>>>

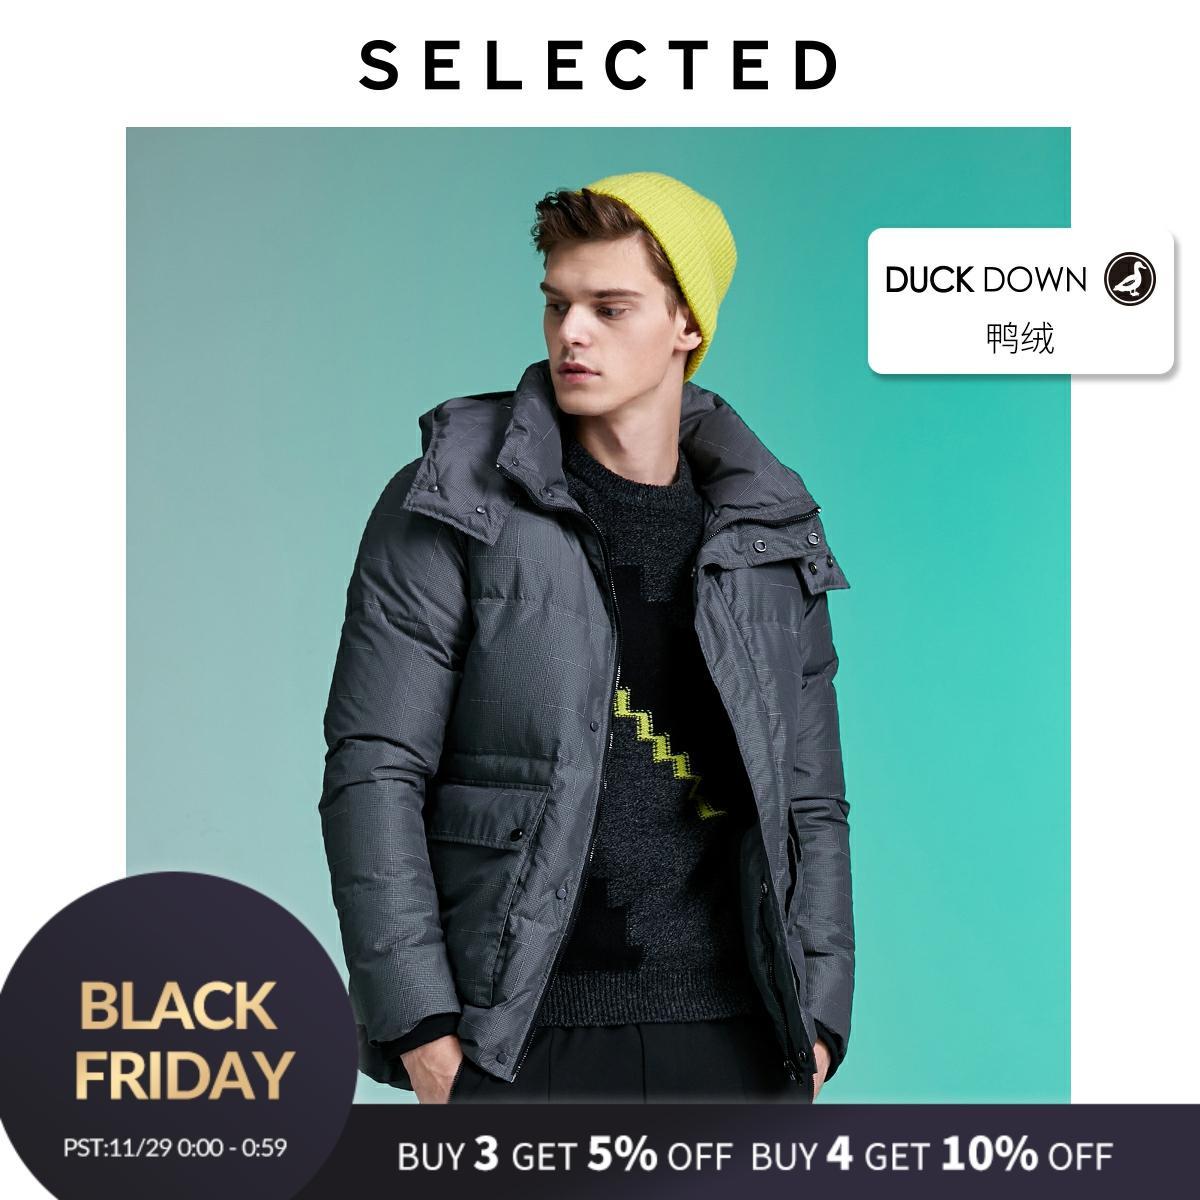 SELECTED Men's Contrasting Plaid Down Jacket Winter Outwear Coat L|419412570
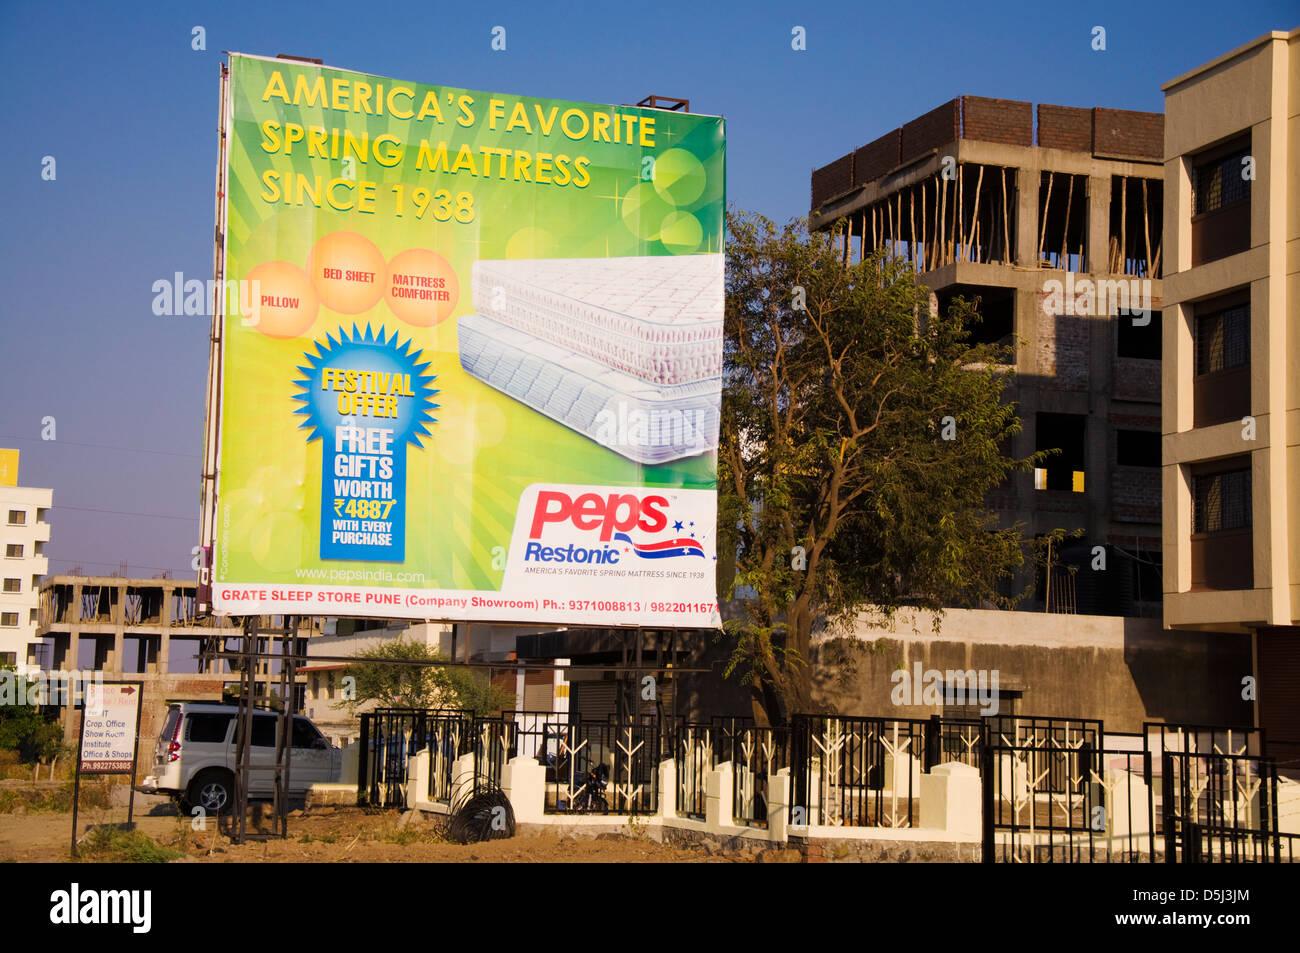 Advertising hoarding in Pune Maharashtra India for Peps Restonic mattresses - Stock Image
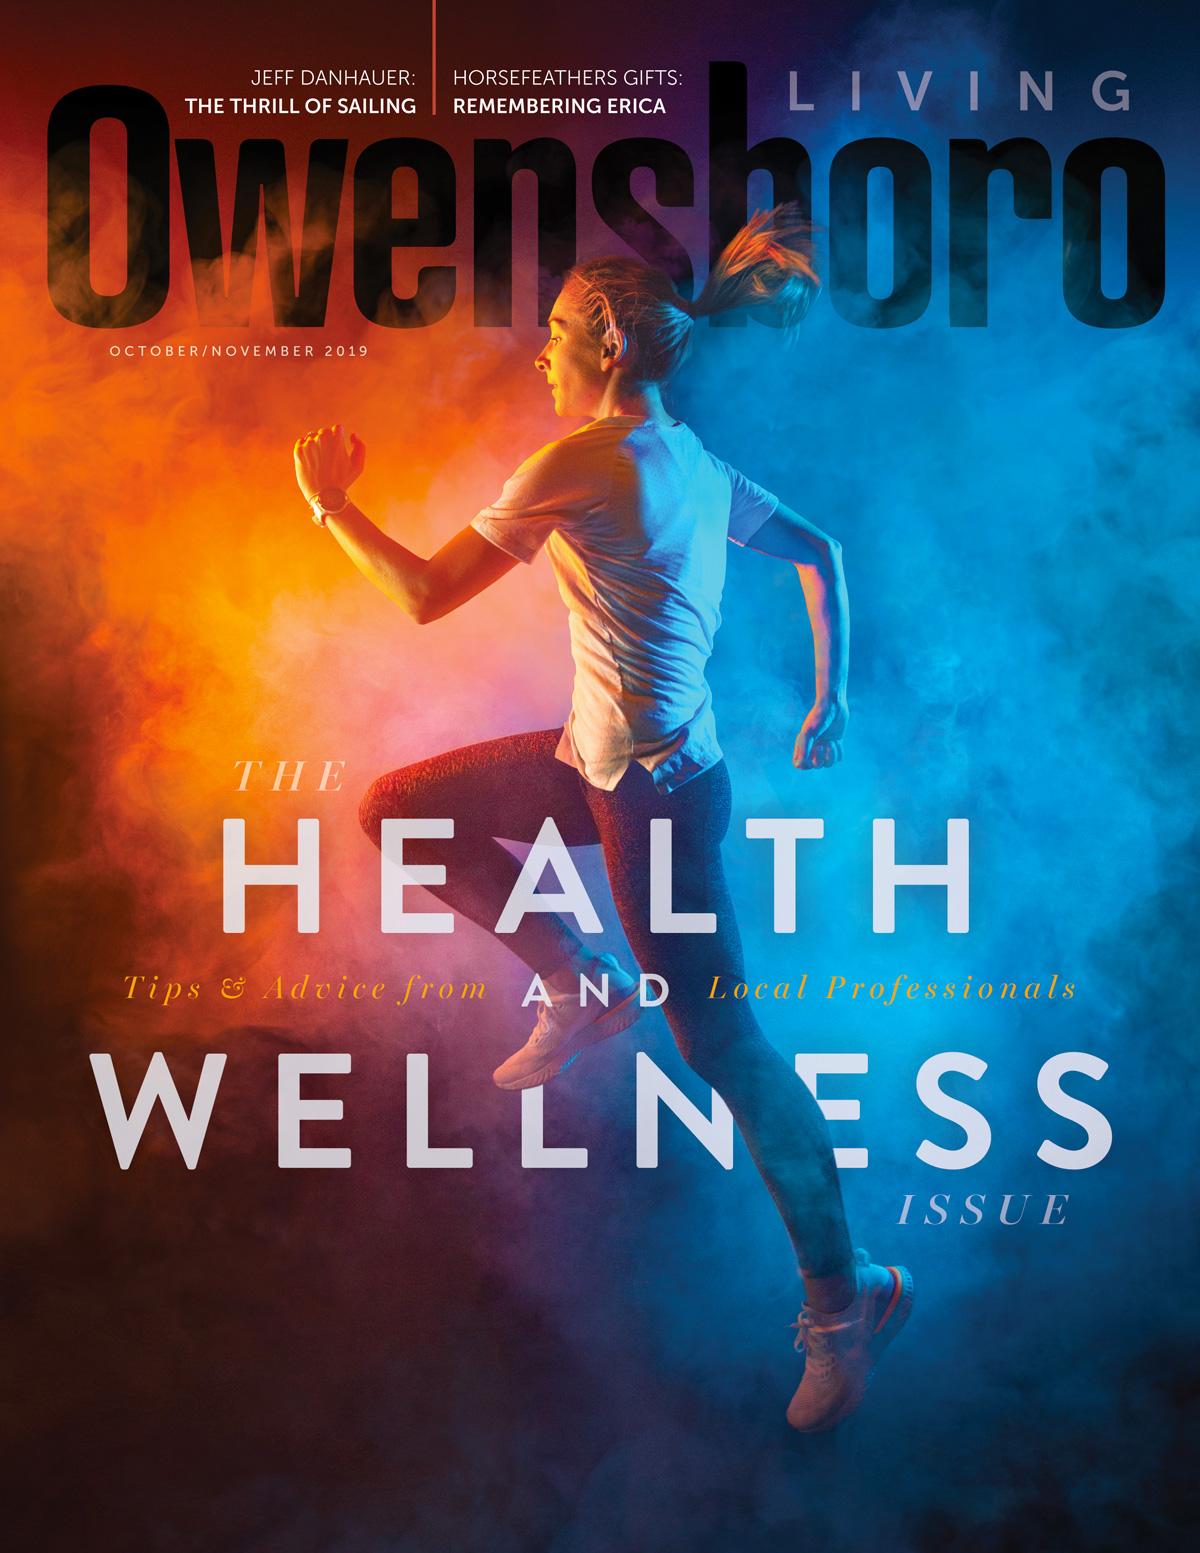 Owensboro Living October/November 2019 Cover
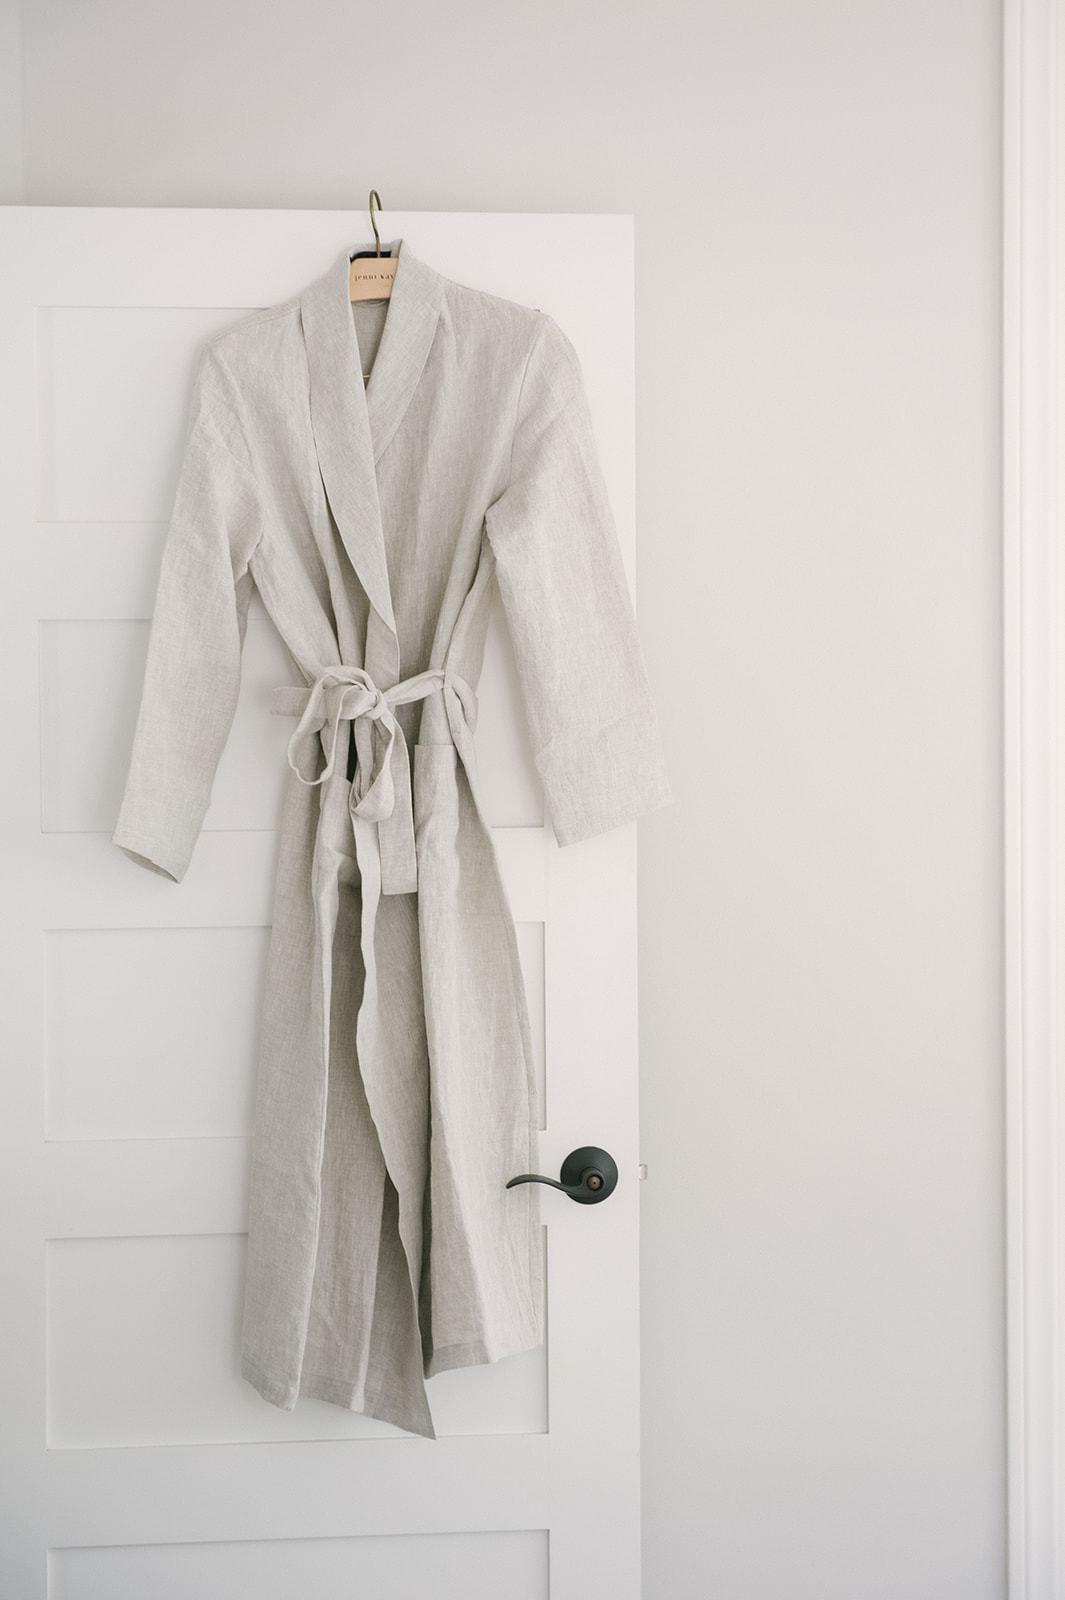 Jenni Kayne linen robe with gray wall backdrop
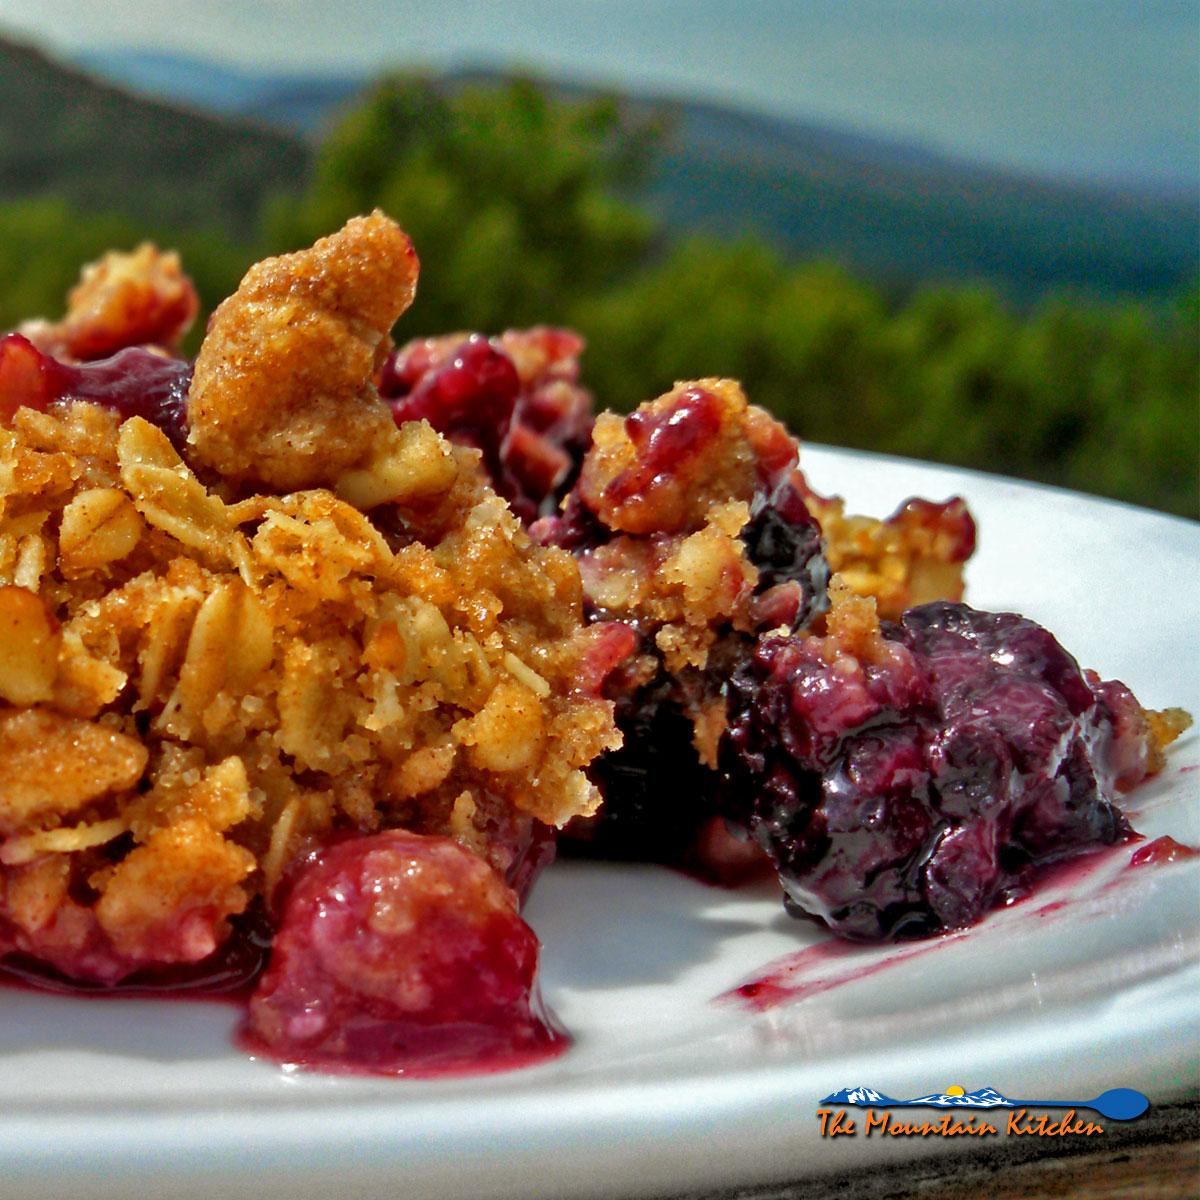 David's Blackberry Crisp With Farm Fresh Blackberries

<<<

HOW TO COMPLETE THIS TASK
Please repeat everything in the data above except the pictures, exactly as it reads.

SOLUTION TO THIS EXERCISE
 SELECTED Men's Contrasting Plaid Down Jacket Winter Outwear Coat L|419412570
 Advertising hoarding in Pune Maharashtra India for Peps Restonic mattresses - Stock Image
 Owensboro Living October/November 2019 Cover
 Jenni Kayne linen robe with gray wall backdrop
 David's Blackberry Crisp With Farm Fresh Blackberries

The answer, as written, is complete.